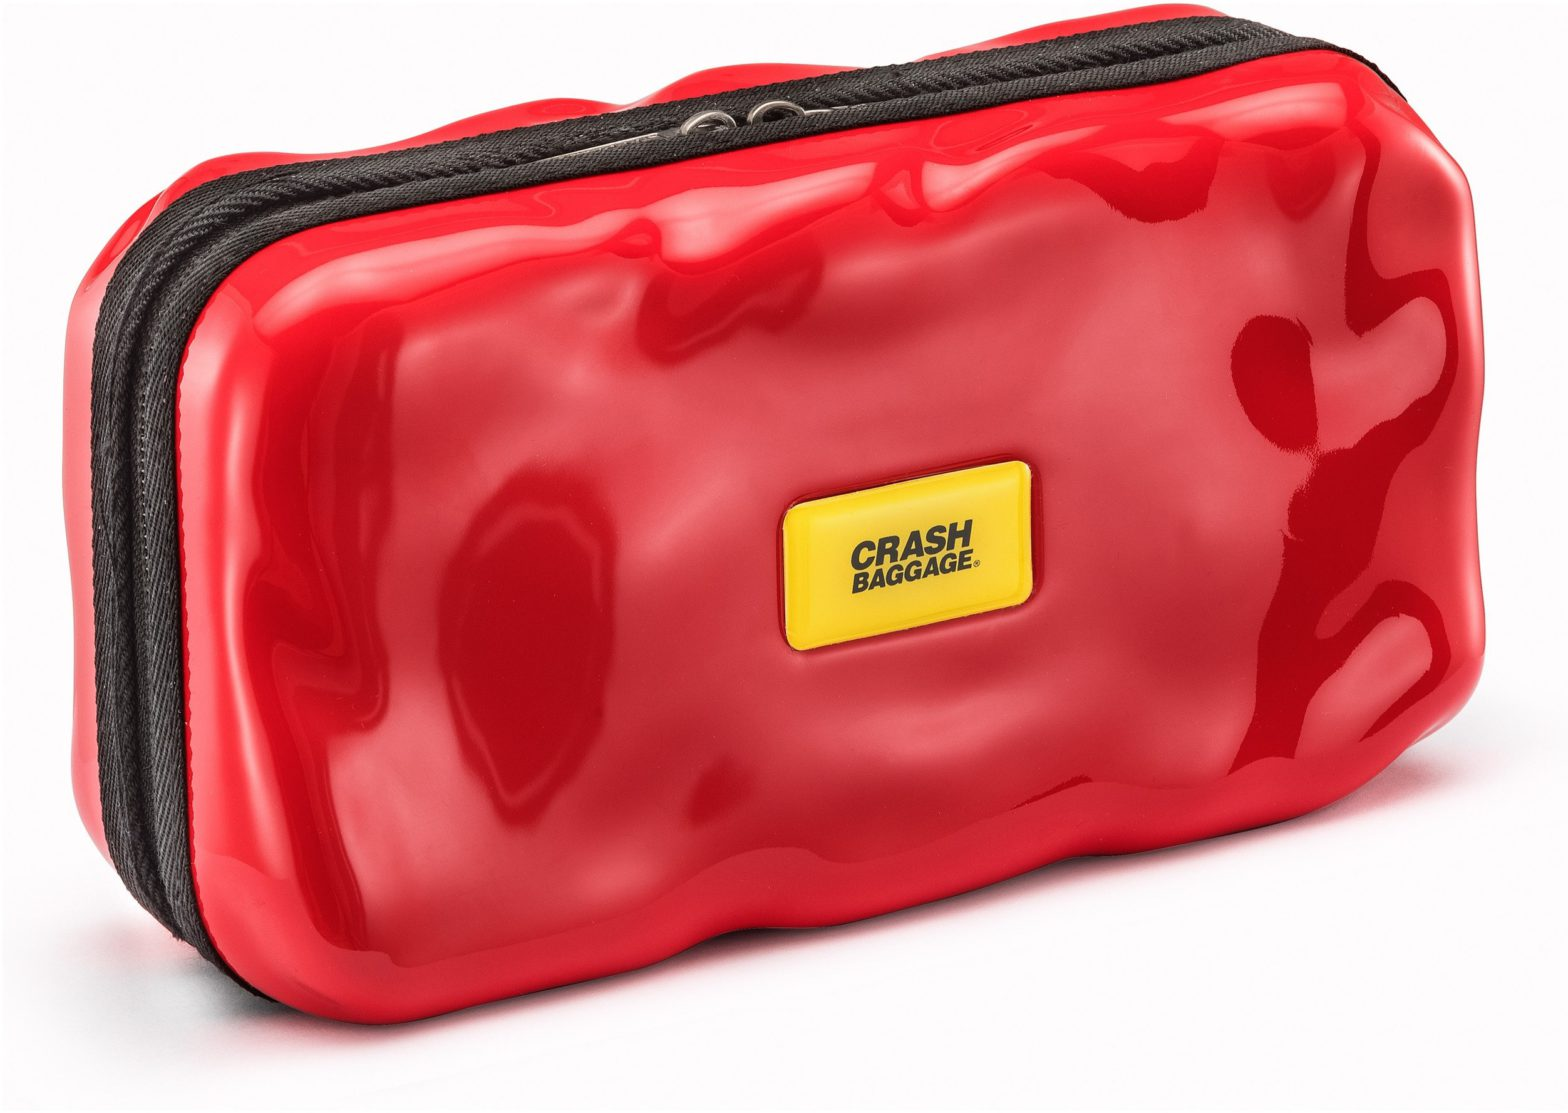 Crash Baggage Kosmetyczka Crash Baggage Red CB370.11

--

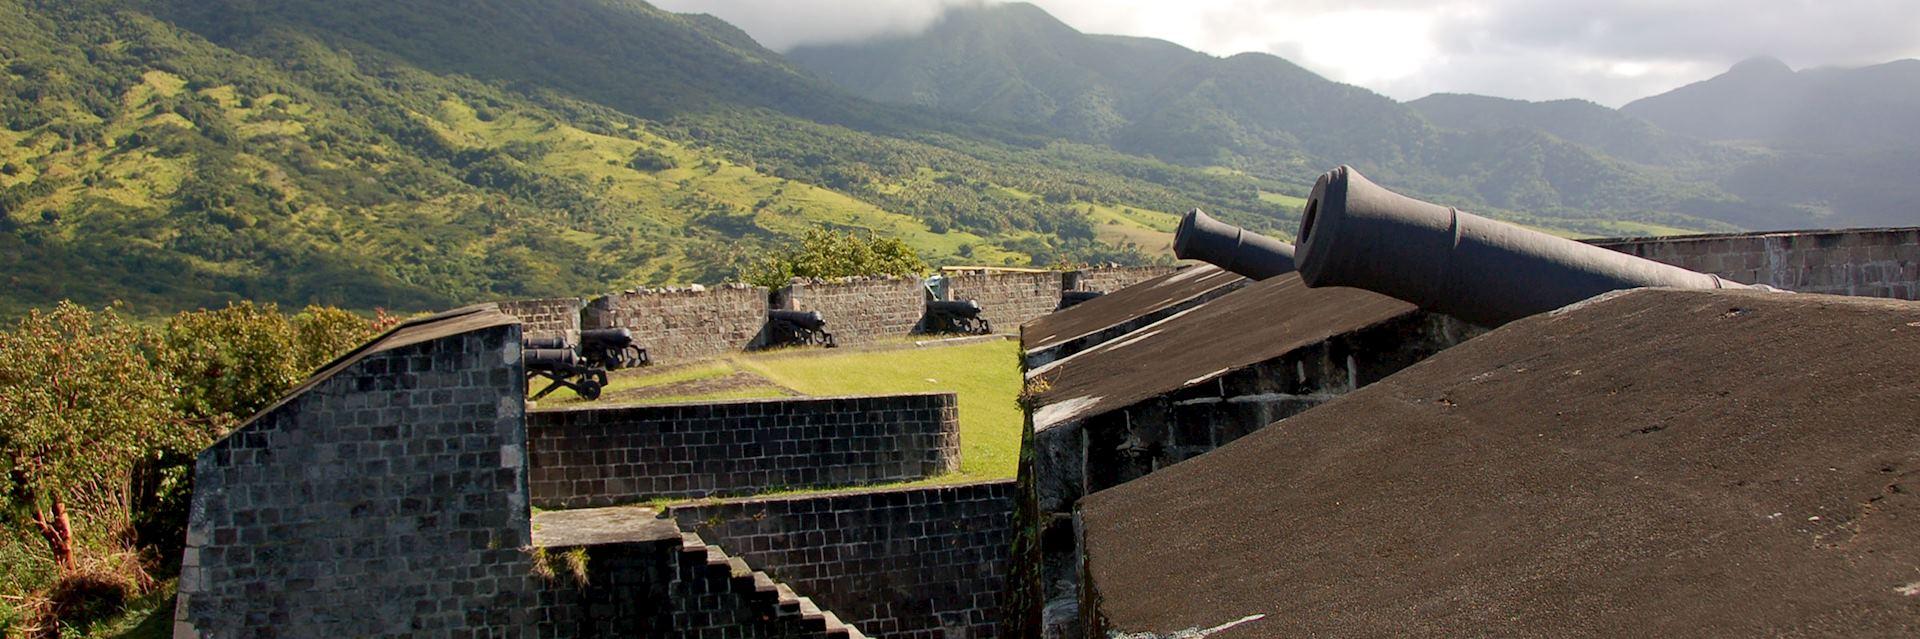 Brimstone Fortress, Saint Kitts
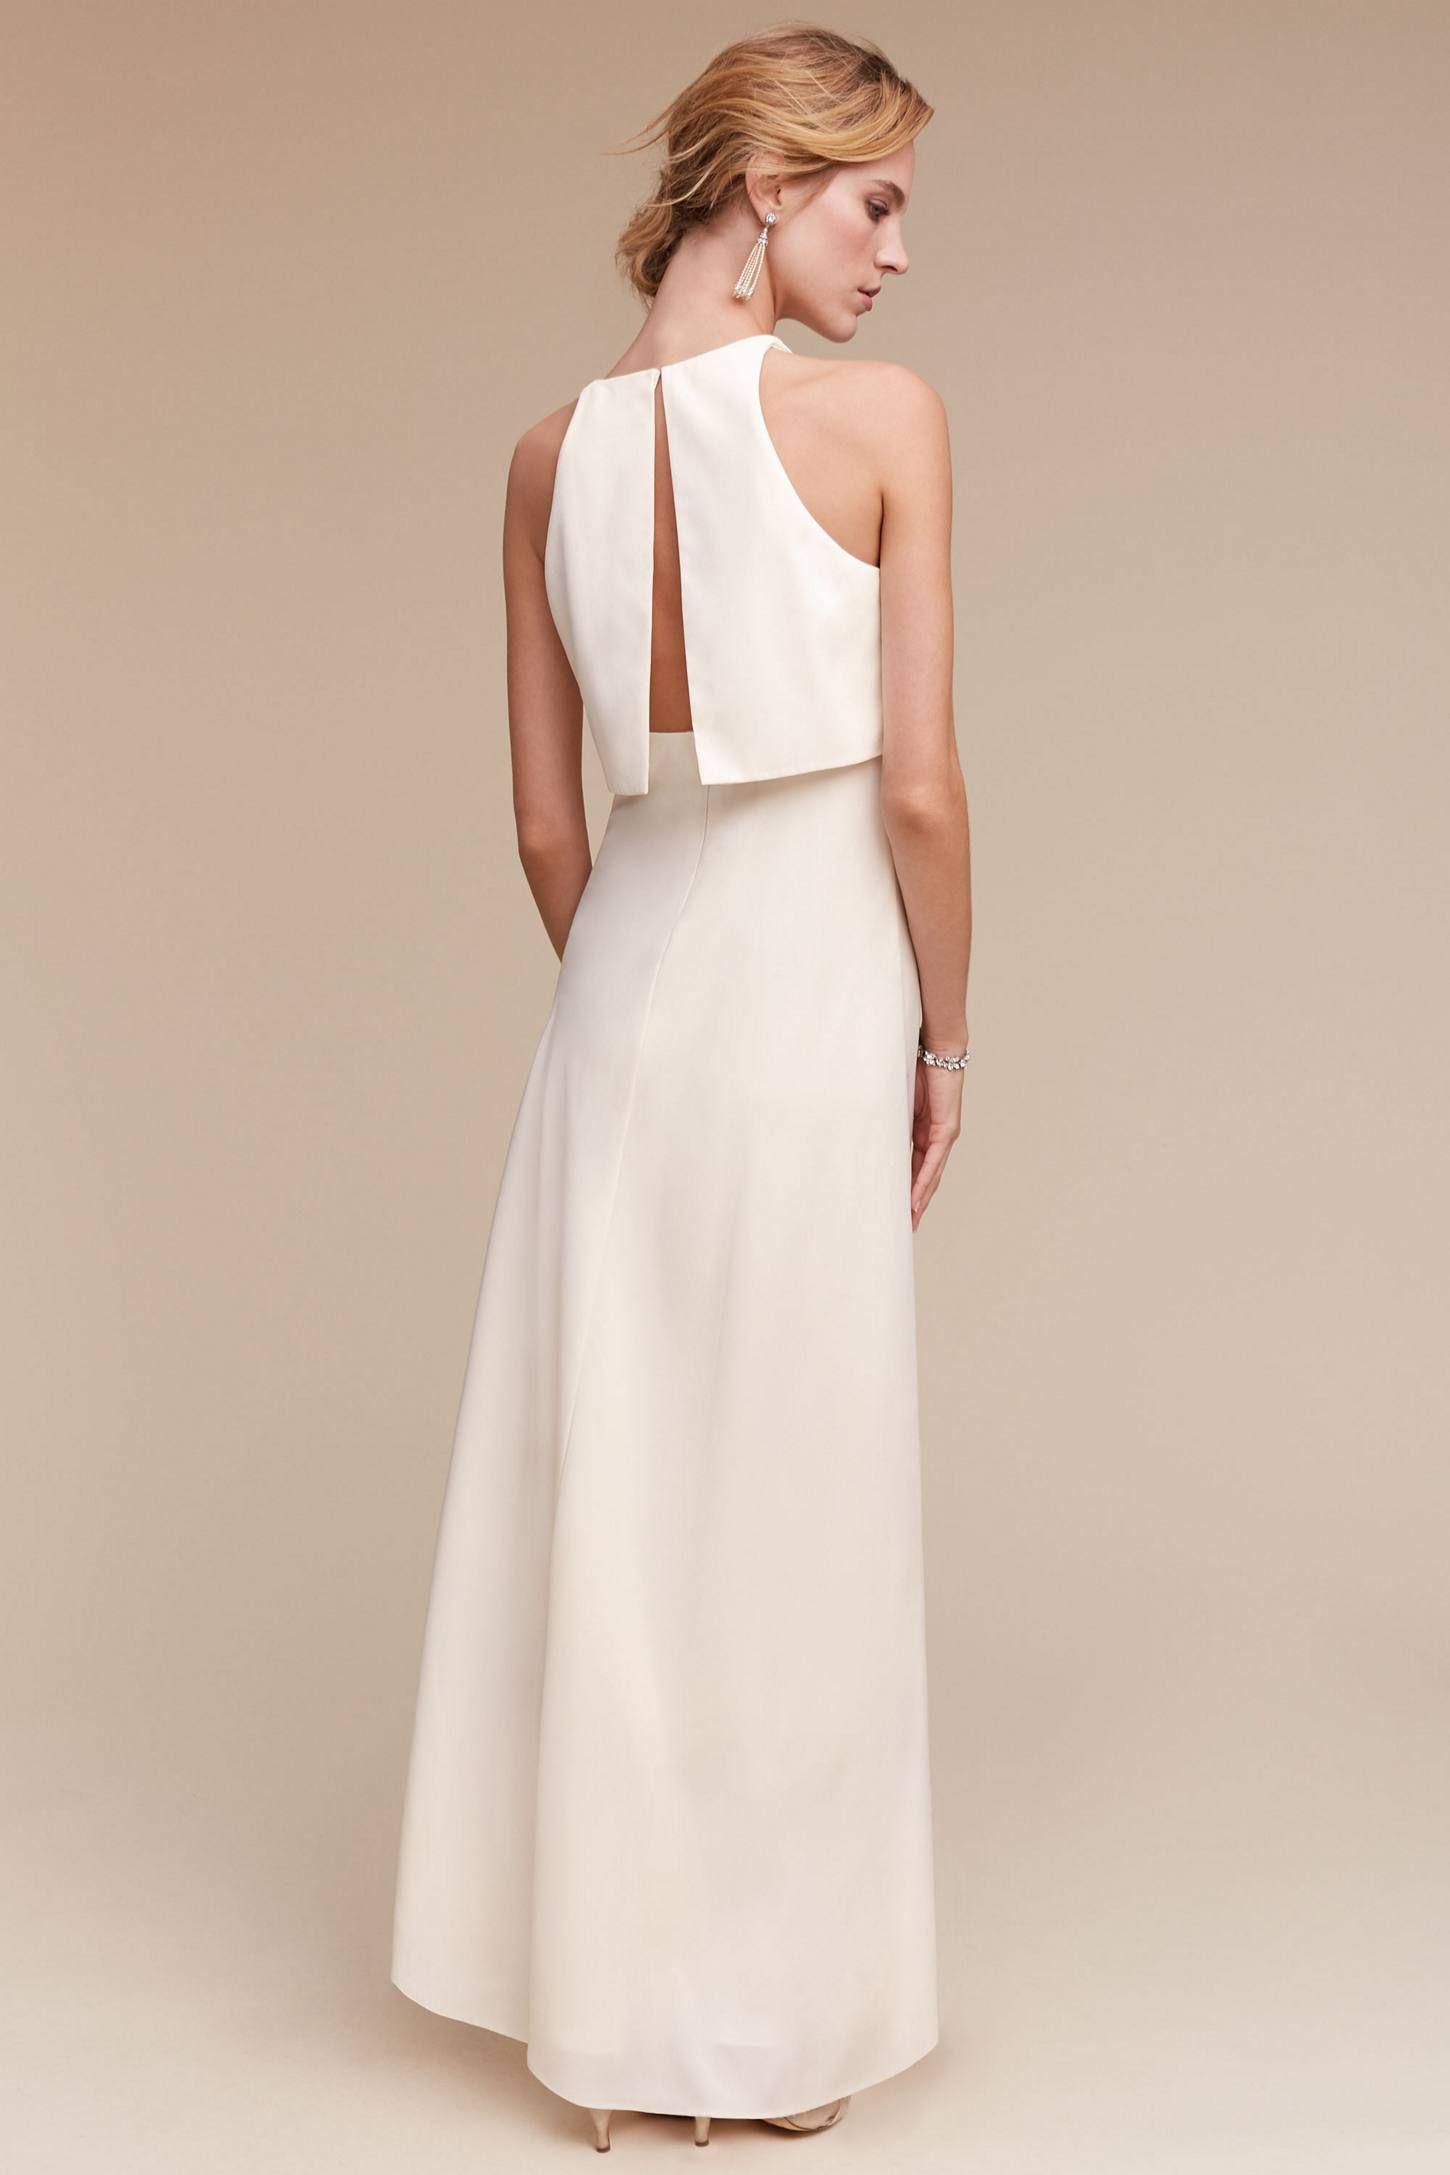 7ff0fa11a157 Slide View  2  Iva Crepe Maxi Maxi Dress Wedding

---

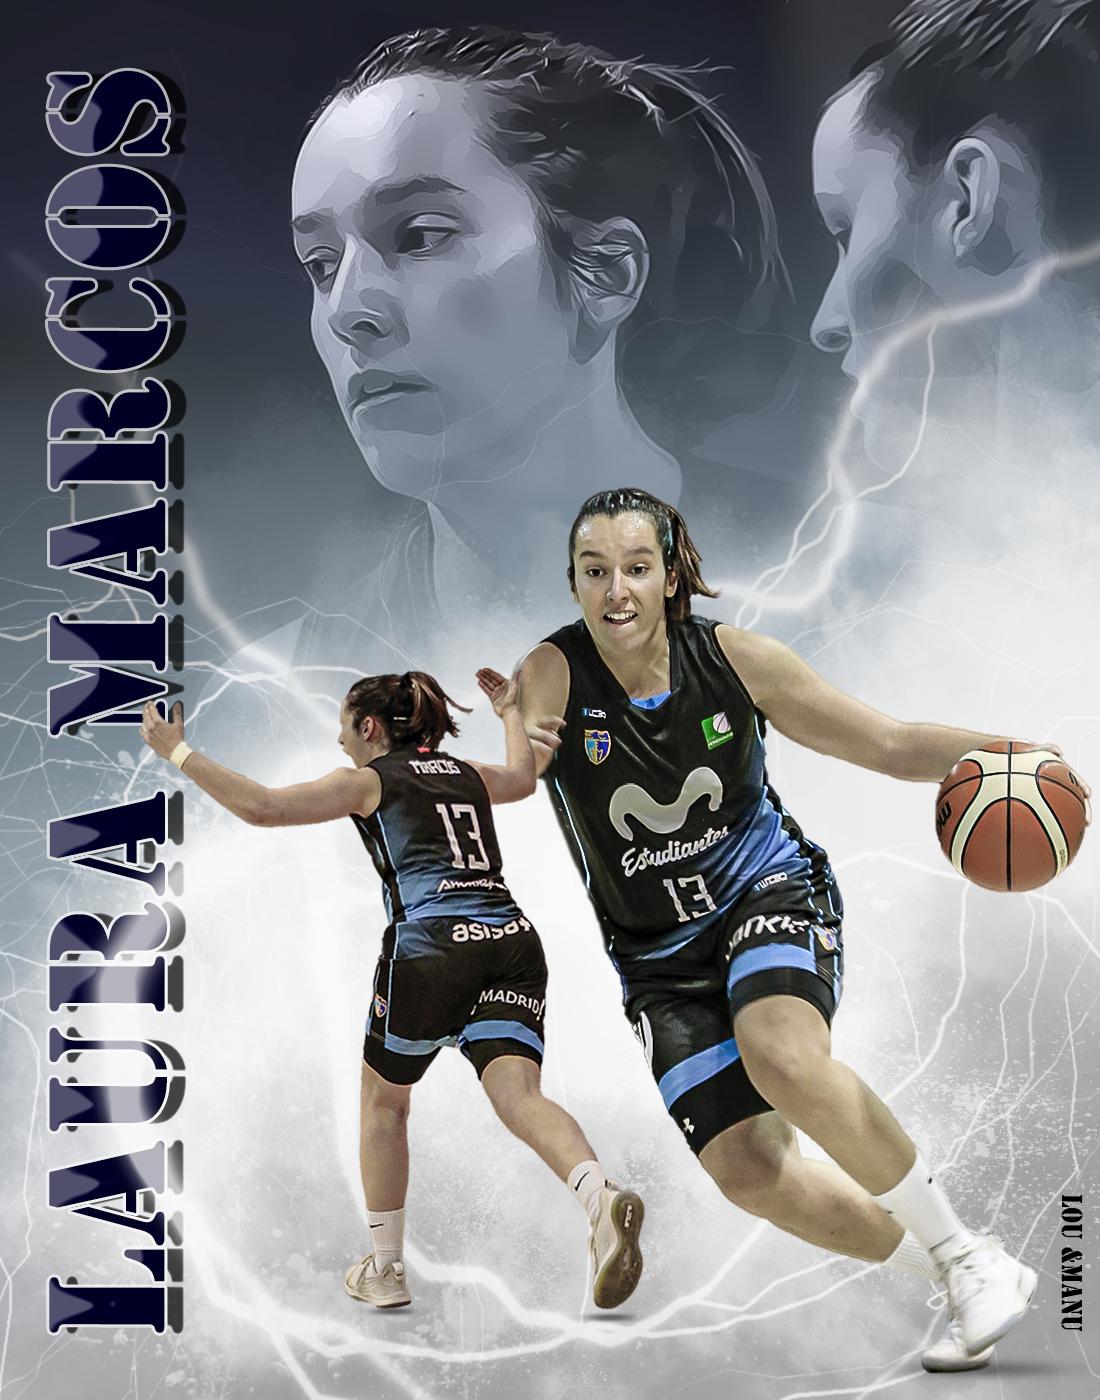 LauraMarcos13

- _ASSIGNED TASK_
Copy word for word the lines of the records above from the one with "Brimstone Fortress, Saint Kitts" up to and including the one with "7ff0fa11a157 Slide View". Skip the pictures.

- _RESPONSE TO THE EXERCISE_
 Brimstone Fortress, Saint Kitts
 7ff0fa11a157 Slide View  2  Iva Crepe Maxi Maxi Dress Wedding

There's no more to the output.